Ein anderes Veranstaltungsformat sind die Herrenhäuser Konferenzen mit bis zu 250 Teilnehmern.  Im Fokus stehen hier die gesellschaftliche  Relevanz,  die fachliche Aktualität sowie der Brückenschlag zur Praxis. Neben Wissenschaftlerinnen und Wissenschaftlern können auch Vertreter von NGOs, Medien  und Wissenschaftsorganisationen sowie aus Politik, Wirtschaft und Kunst aktiv teilnehmen. Besonders erwünscht ist die Beteiligung des wissenschaftlichen Nachwuchses aus aller Welt, für den bis zu 30 Travel Grants ausgeschrieben werden können.

 

Für eine Förderung in diesem ebenfalls fachoffenen Angebot  müssen die Konferenzen auch interdisziplinär und international ausgerichtet sein. Hier sind  Professorinnen und Professoren  an deutschen Universitäten und außeruniversitären Forschungseinrichtungen eingeladen, ihre Ideen und Konzepte einzureichen.

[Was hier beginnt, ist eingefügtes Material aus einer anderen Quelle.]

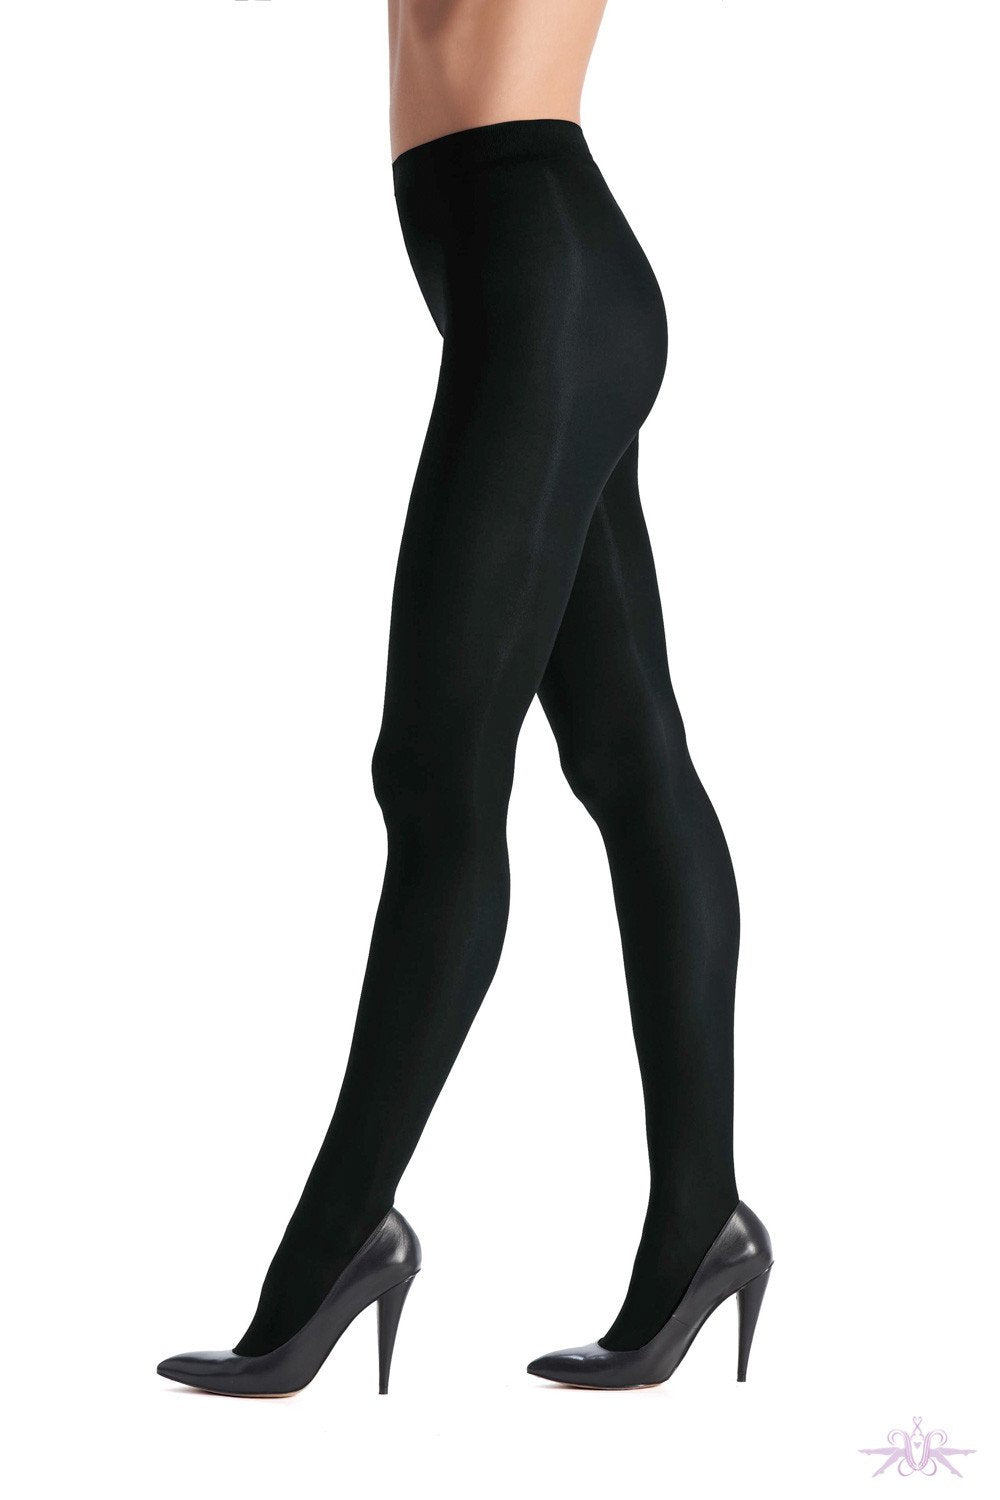 Oroblu All Colours 50 Opaque Tight - The Hosiery Box

O-Ton Bauchbinde: Prof. Dr. Mathias Hornef, Universitätsklinik RWTH Aachen

Wissenschaftliche Konferenzen sind wichtig um Vertreter verschiedener Disziplinen zusammenzubringen, um neue, interdisziplinäre Forschungsgebiete zu untersuchen und neue Hypothesen aufzustellen. Zum anderen lebt die Forschung von Kooperation und so brauchen wir den Kontakt mit anderen Wissenschaftlern, um wissenschaftliche Kooperationen in Gang zu bringen, am Laufen zu halten. Wir brauchen die Kommunikation, um das Vertrauen zu haben Daten miteinander zu teilen.

Die Volkswagenstiftung trägt mit ihrer Förderung von Veranstaltungen  zu dieser wichtigen Kommunikation bei. Im Rahmen der Herrenhäuser Konferenzen entwickelt sie gemeinsam mit den veranstaltenden Wissenschaftlern das eingereichte Konzept weiter und hilft bei der Umsetzung. Als Schnittstelle zum Tagungszentrum Schloss Herrenhausen bietet sie Unterstützung bei der organisatorischen Planung, auch hinsichtlich des Caterings und sonstiger Tagungsinfrastruktur.

Mit den Symposien und Konferenzen in Herrenhausen  bereichert  die VolkswagenStiftung nicht nur die Wissenschaftslandschaft Hannovers sondern gibt über ausgewählte Themen und Personen der Forschung insgesamt zukunftsorientierte Impulse.